**THE DATA**
***

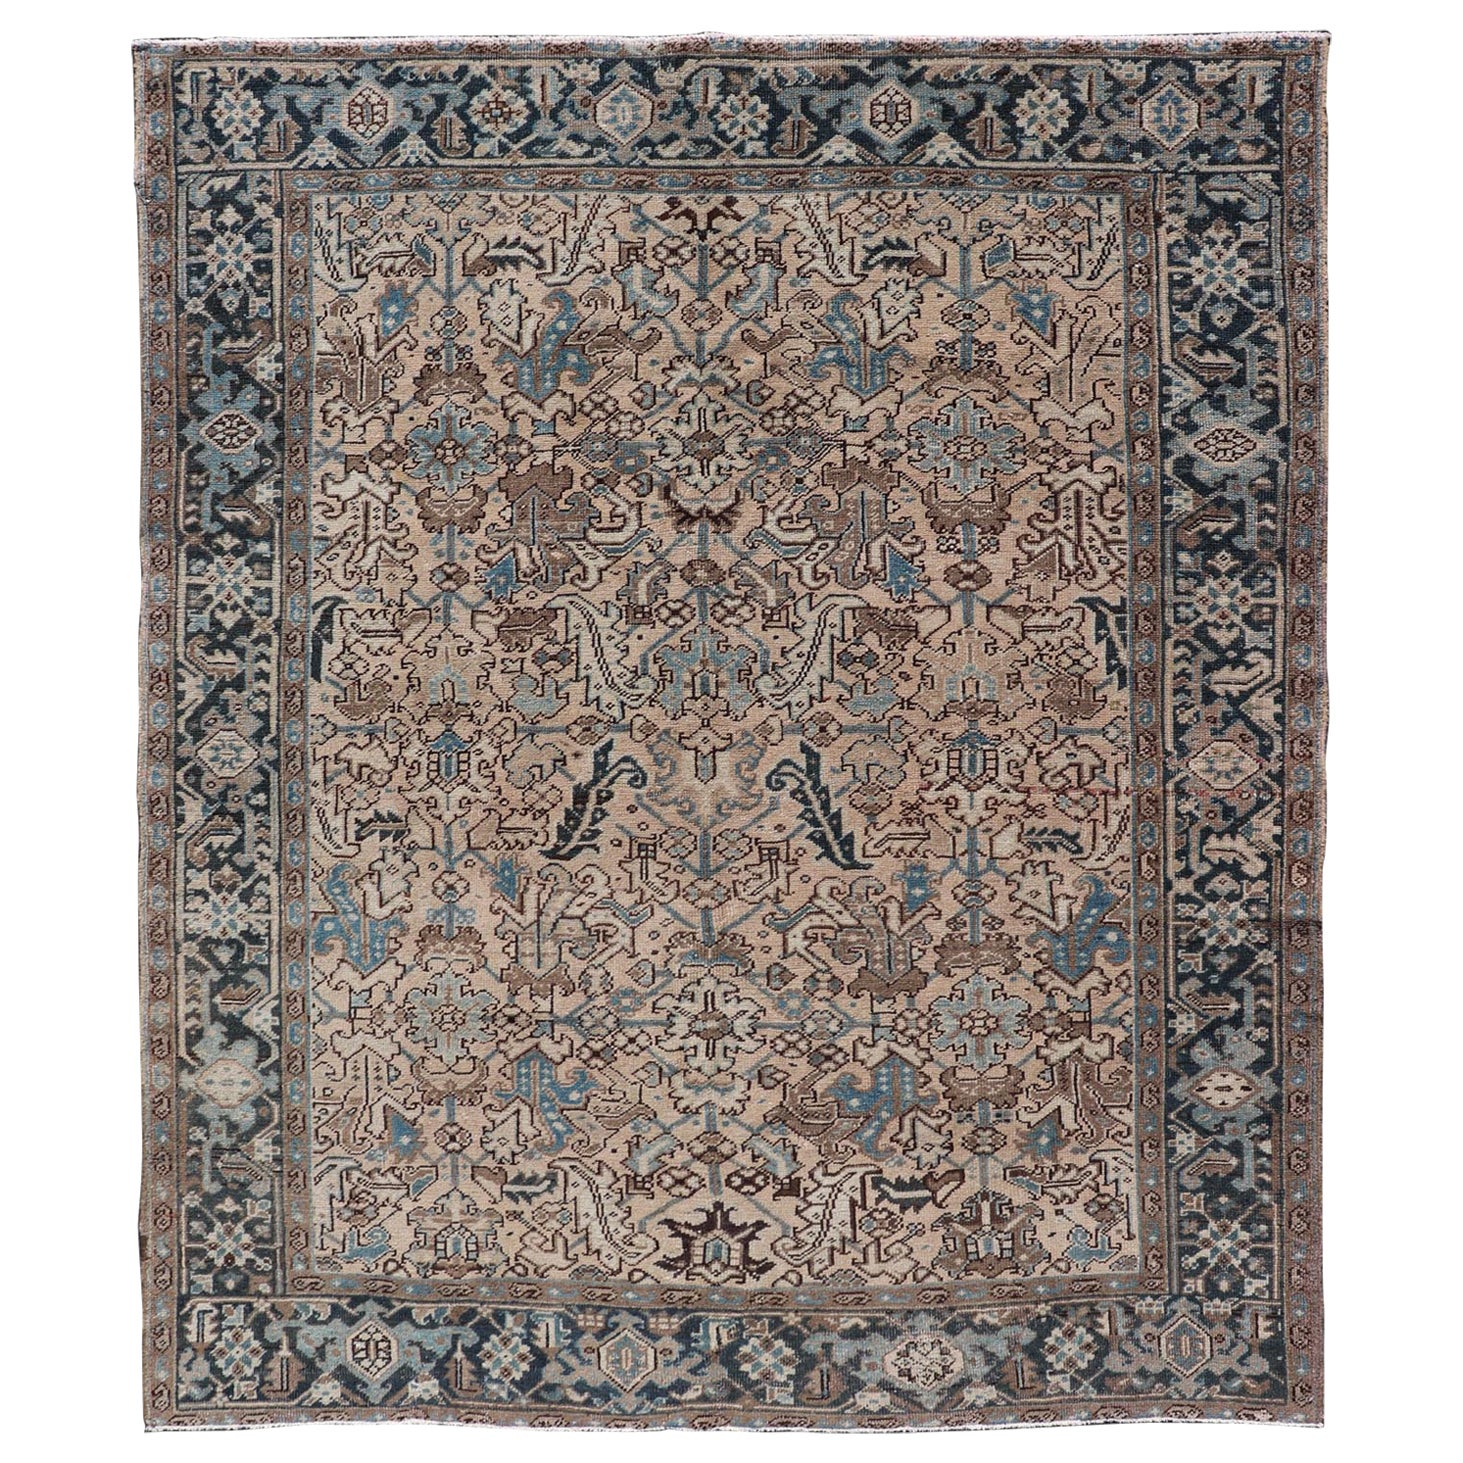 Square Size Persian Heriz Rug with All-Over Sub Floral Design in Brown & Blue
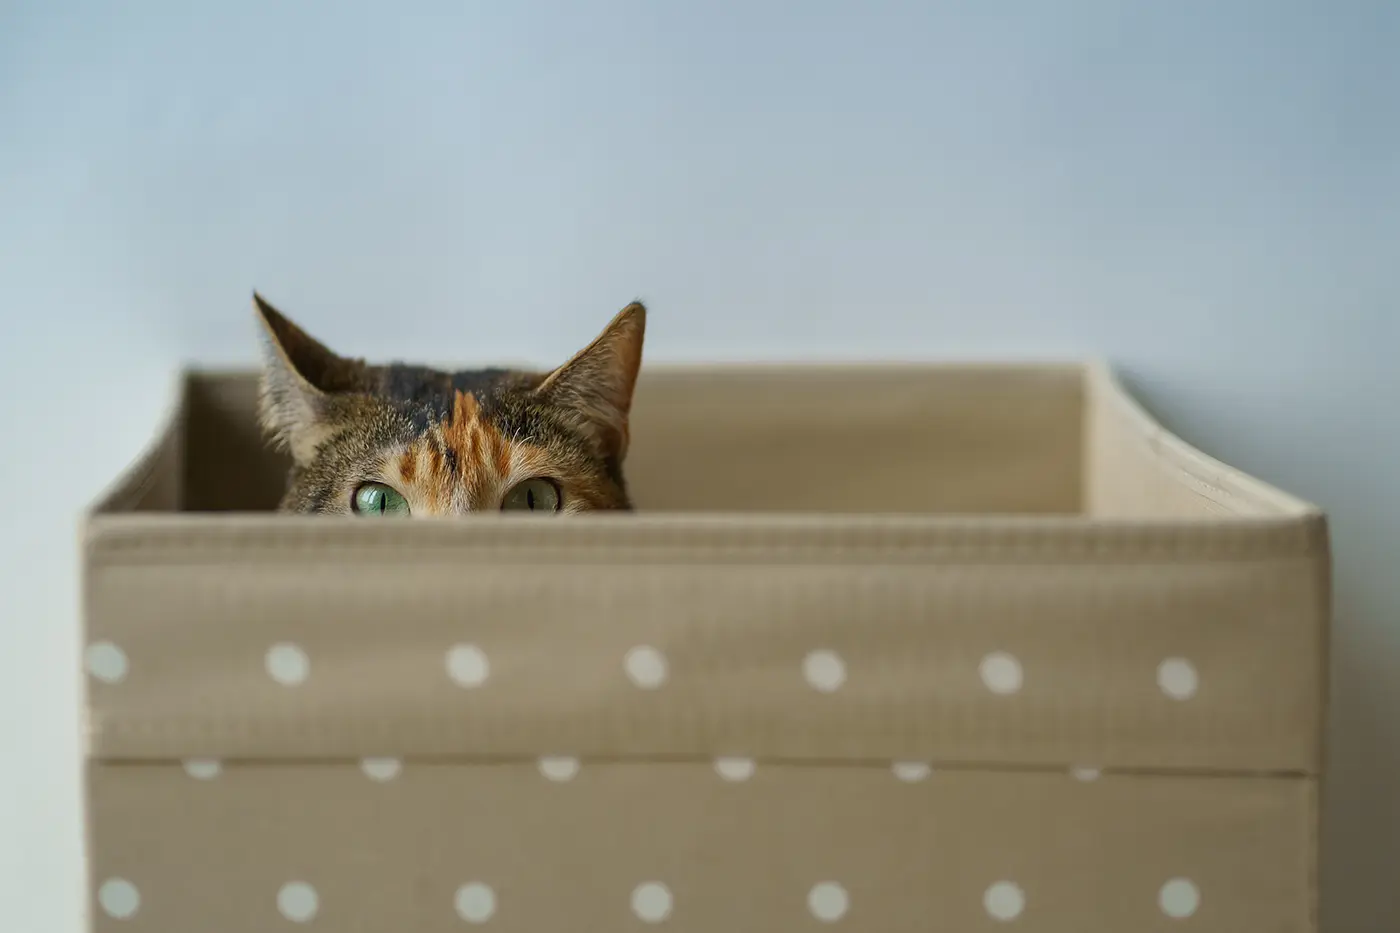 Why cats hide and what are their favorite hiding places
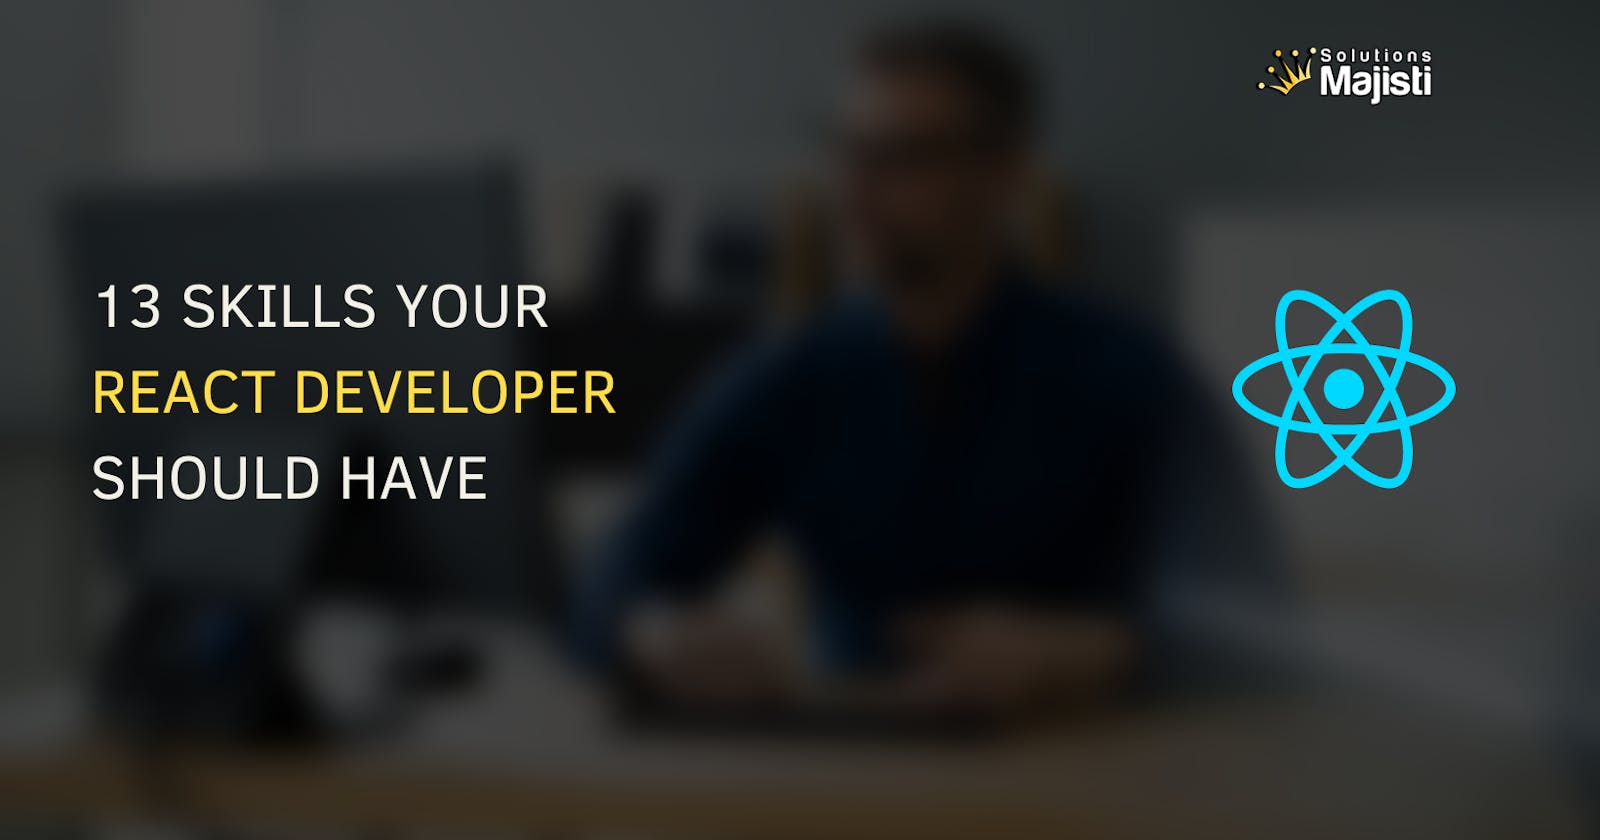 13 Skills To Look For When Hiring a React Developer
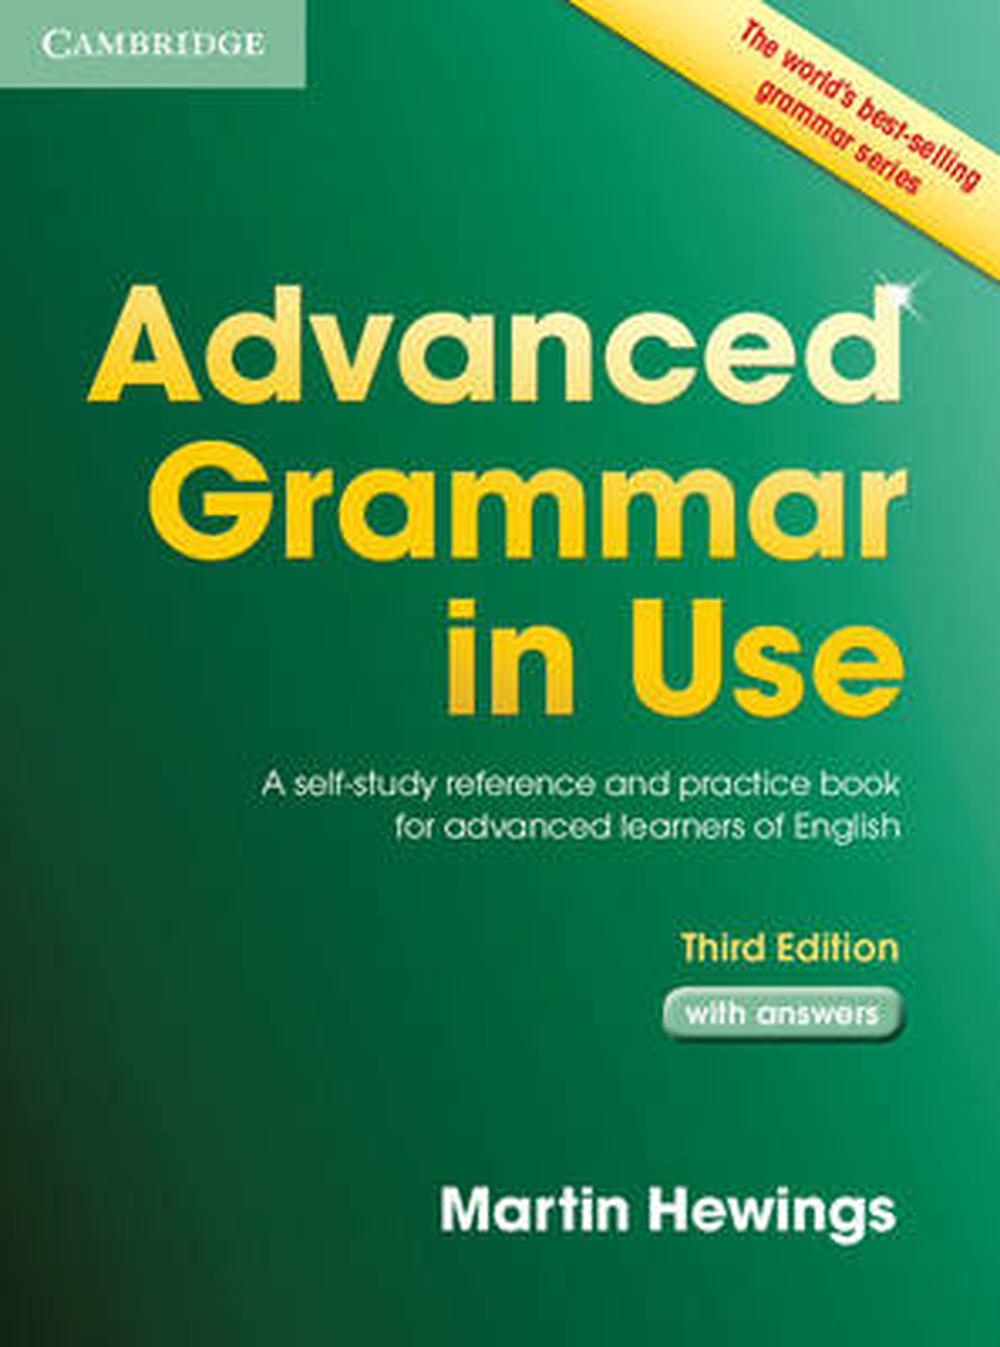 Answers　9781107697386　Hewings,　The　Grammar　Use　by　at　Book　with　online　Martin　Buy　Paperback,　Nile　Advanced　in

***

**WORK TO COMPLETE**
Write out, please, the lines of the listing above from the one with "13 Skills To" through the very last, exactly as given and with no pictures.

**EXERCISE RESPONSE**
 13 Skills To Look For When Hiring a React Developer
 Answers　9781107697386　Hewings,　The　Grammar　Use　by　at　Book　with　online　Martin　Buy　Paperback,　Nile　Advanced　in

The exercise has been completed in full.